Joe Coder runs through his feature in the UI. It works. The doodad renders beautifully on the screen, and when he clicks the button, all the right things happen on the server. He checks his code in, writes a quick comment in Jira, changes the issue status to “Completed & Checked-in”, and goes to his next task. Lo and behold, his To Do list is empty! Joe’s done coding!

Or is he?

Configuration Management cuts a branch off the trunk code. Joe’s code goes through QA.

Some QA departments try to break developers’ code, others just test the “go path” to insure their test scripts work. In Joe’s case, the QA department has a test script that is a step-by-step use case for how the feature should work. QA signs off on his feature. The doodad worked exactly as specified, which is to say, the select/combo box was correctly filled with test data from the database.

Joe’s code goes to production … and takes down an entire server.

How can this be? It went through QA! Testers verified that his code did what it was supposed to do!

Most software organizations use the term robust wrongly. I generally hear it used in a context that implies the software has more features. Robustness has nothing to do with features or capabilities! Software products are robust because they are healthy, strong, and don’t fall over when the table that populates a select/combo box has a million rows in it.

Joe Coder never tested his feature with a large result set. Michael Nygard — in his excellent book Release It! from the Pragmatic Press — calls this problem an unbounded result set. It’s a common problem and an easy trap to fall into.

Writing code for a small result set enables rapid feedback for a developer. This is important, because the developer’s first task is to write his program correctly. It seems, though, that this first step is oftentimes the only step in the process! Without testing the program against a large result set, the new feature is a performance problem waiting to happen. The most common consequences are memory errors (have you ever tried filling a combo/select box with a million rows from the database?) or unscalable algorithms (see Schlemiel the Painter’s Algorithm).

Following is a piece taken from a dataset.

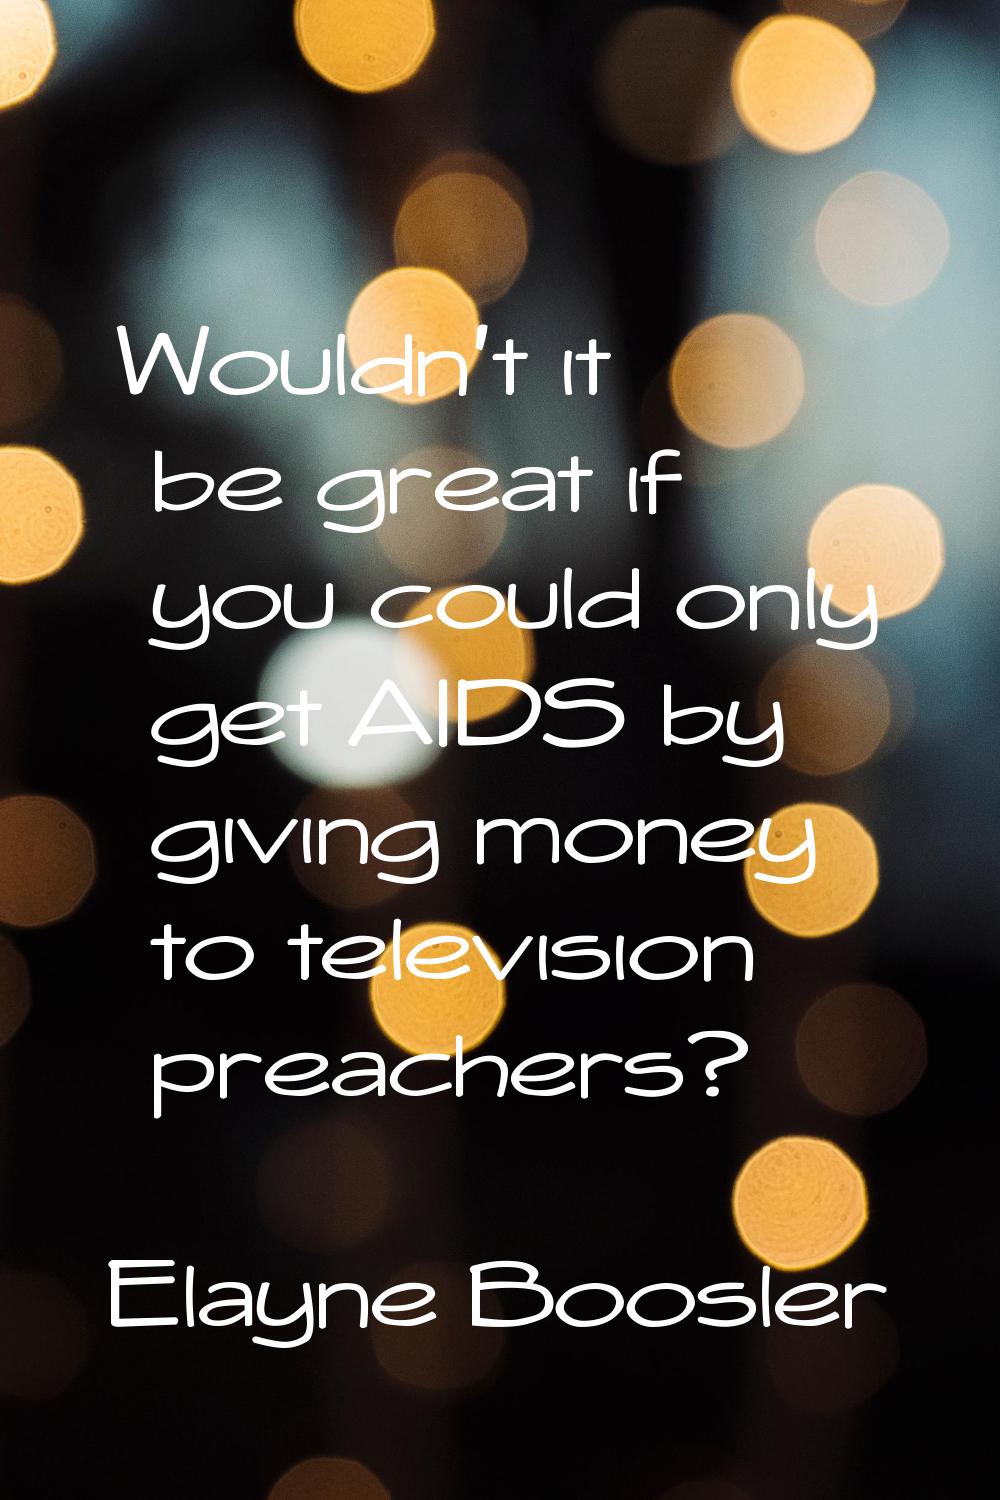 Wouldn't it be great if you could only get AIDS by giving money to television preachers?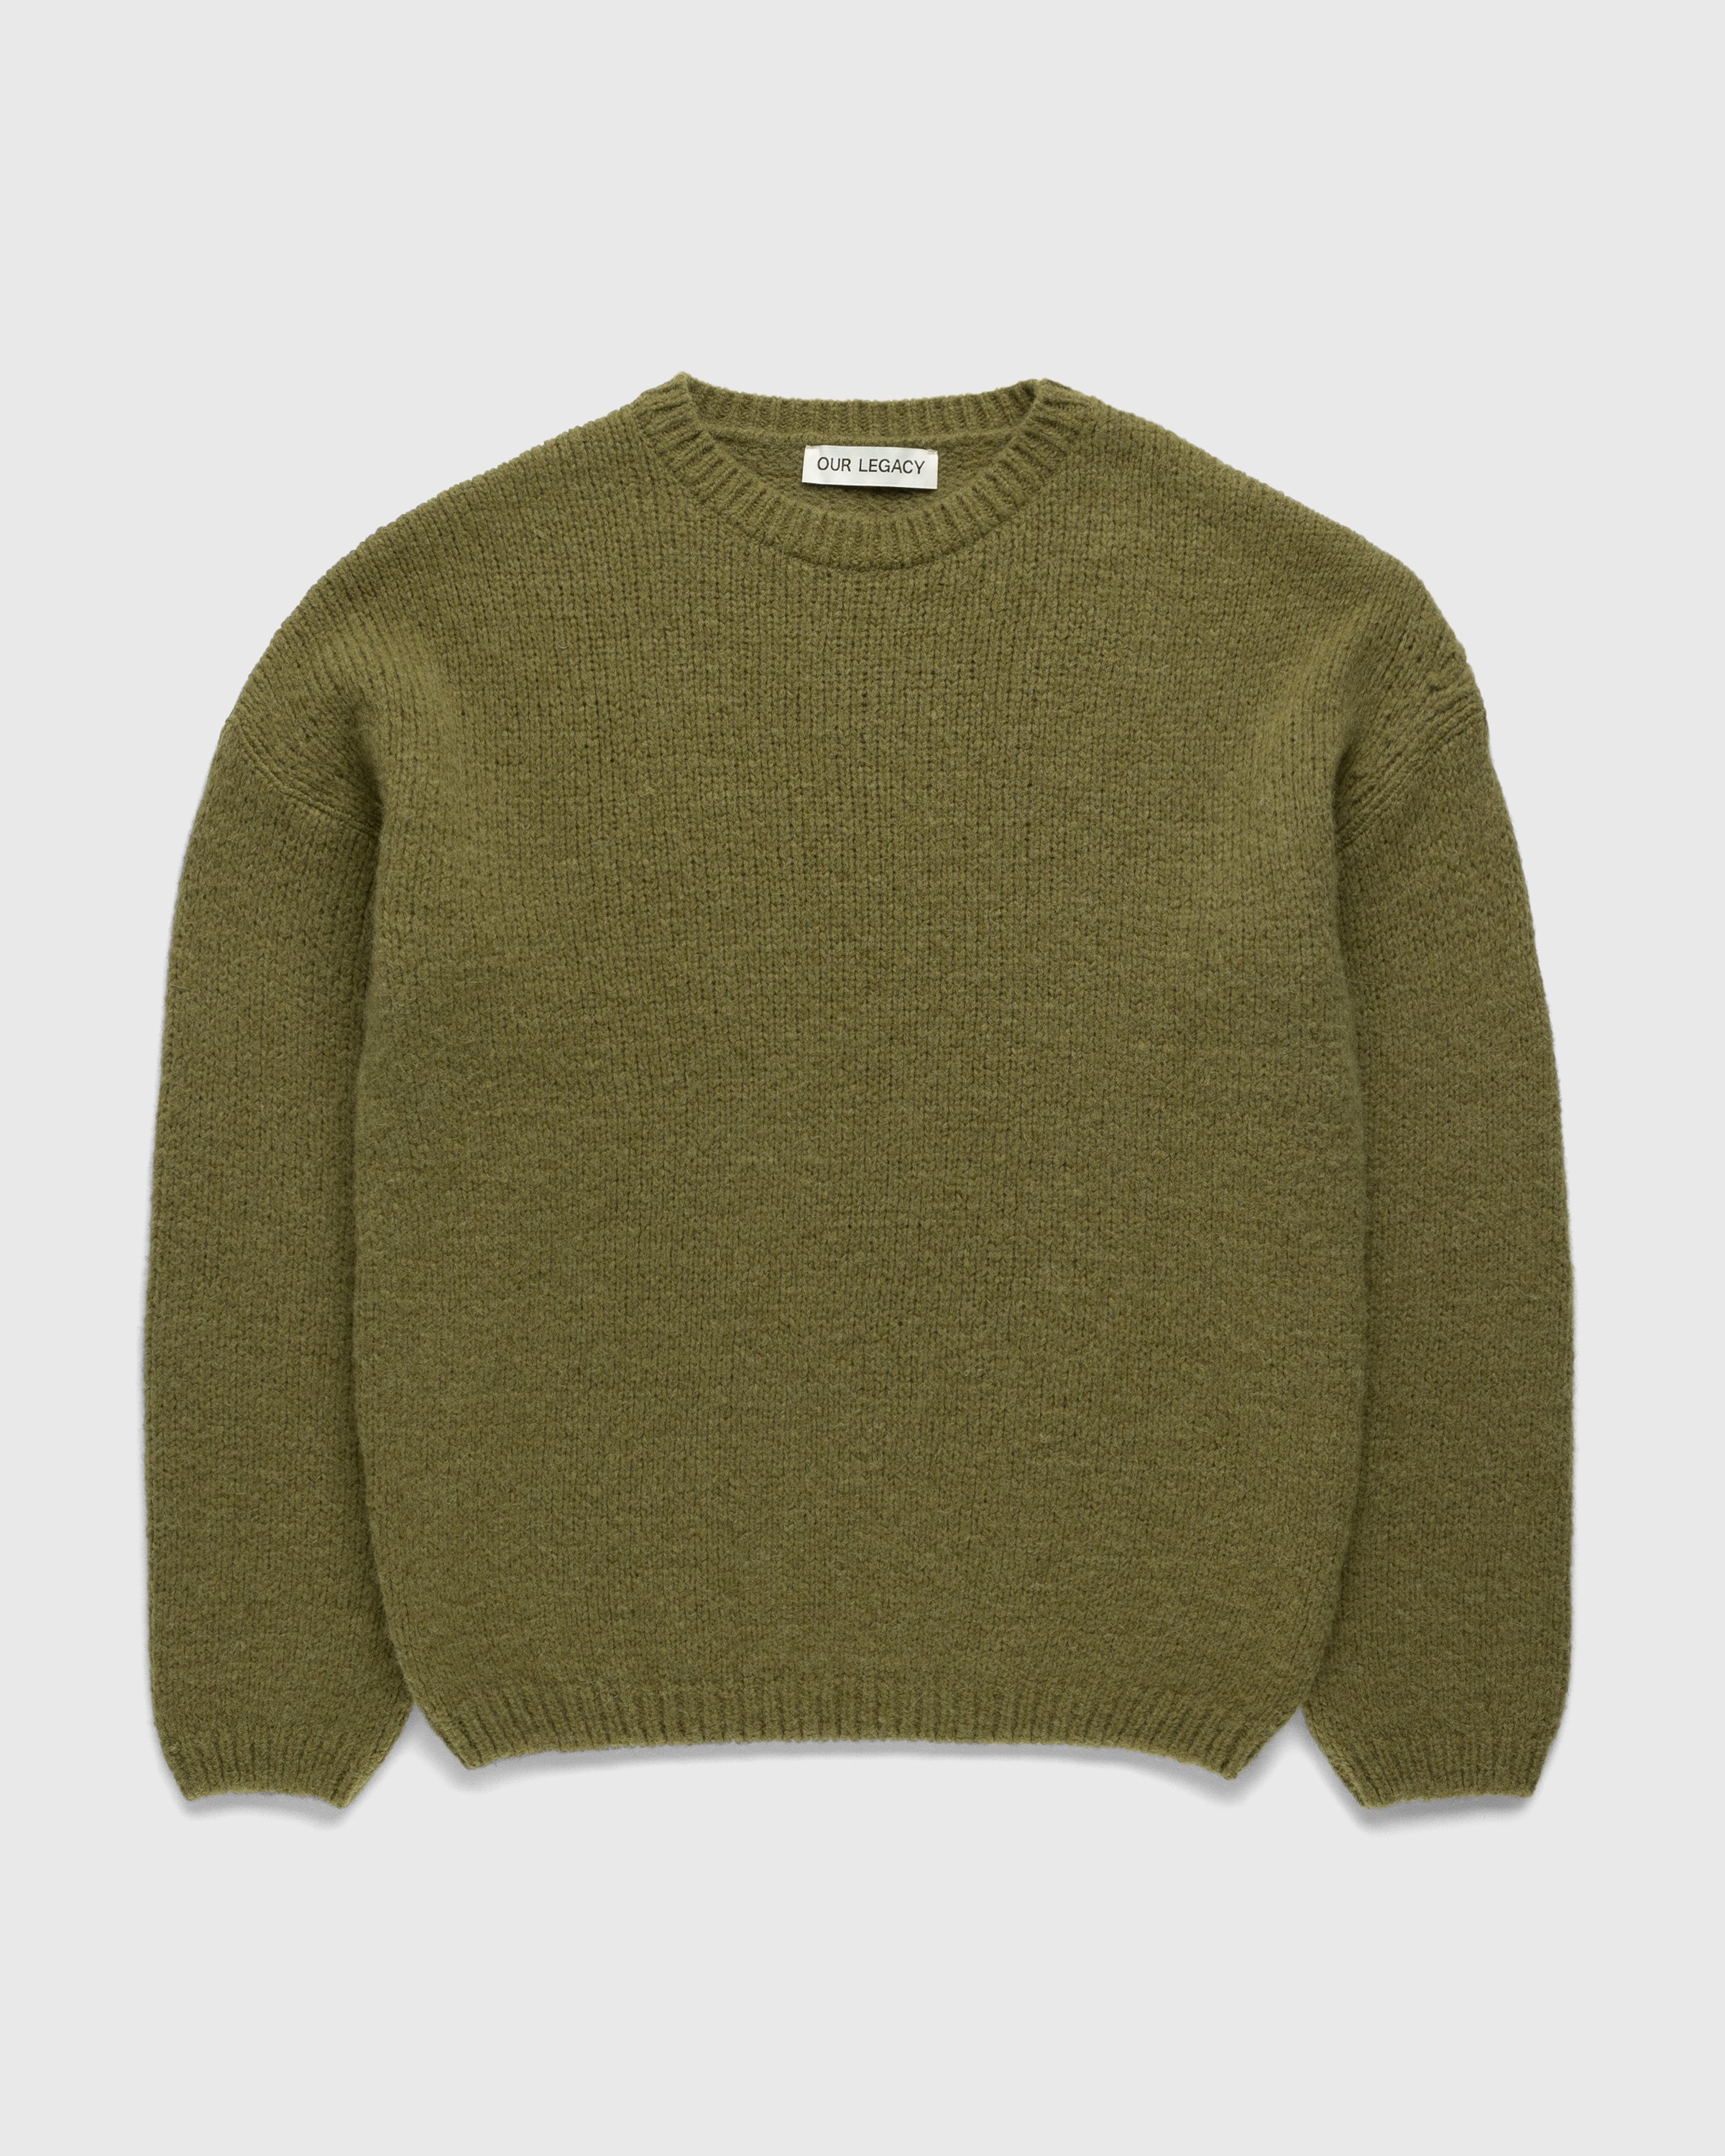 Our Legacy - Popover Roundneck Green - Clothing - Green - Image 1

In our case, testing with big numbers revealed concurrency issues that we did not and could not find when developing with simple, smaller tests. Our multi-threaded, multi-node messaging system would routinely deadlock whenever we slammed it with lots and lots of messages. It didn’t do this when we posted simple messages to the endpoint during development. Similarly, we noticed that we held on to objects for too long during big batch runs. They all got garbage collected when the batch completed, so it wasn’t exactly a memory leak, but there was no need to hold on to the references. After we fixed that, we noticed that our servers would stay within a tight and predictable memory band, as opposed to GC’ing all at once at the end of a batch. Terracotta server expertly pages large heaps to disk, so we were never at risk of running out of memory. Still, it’s nice to see our JVMs running lean and mean.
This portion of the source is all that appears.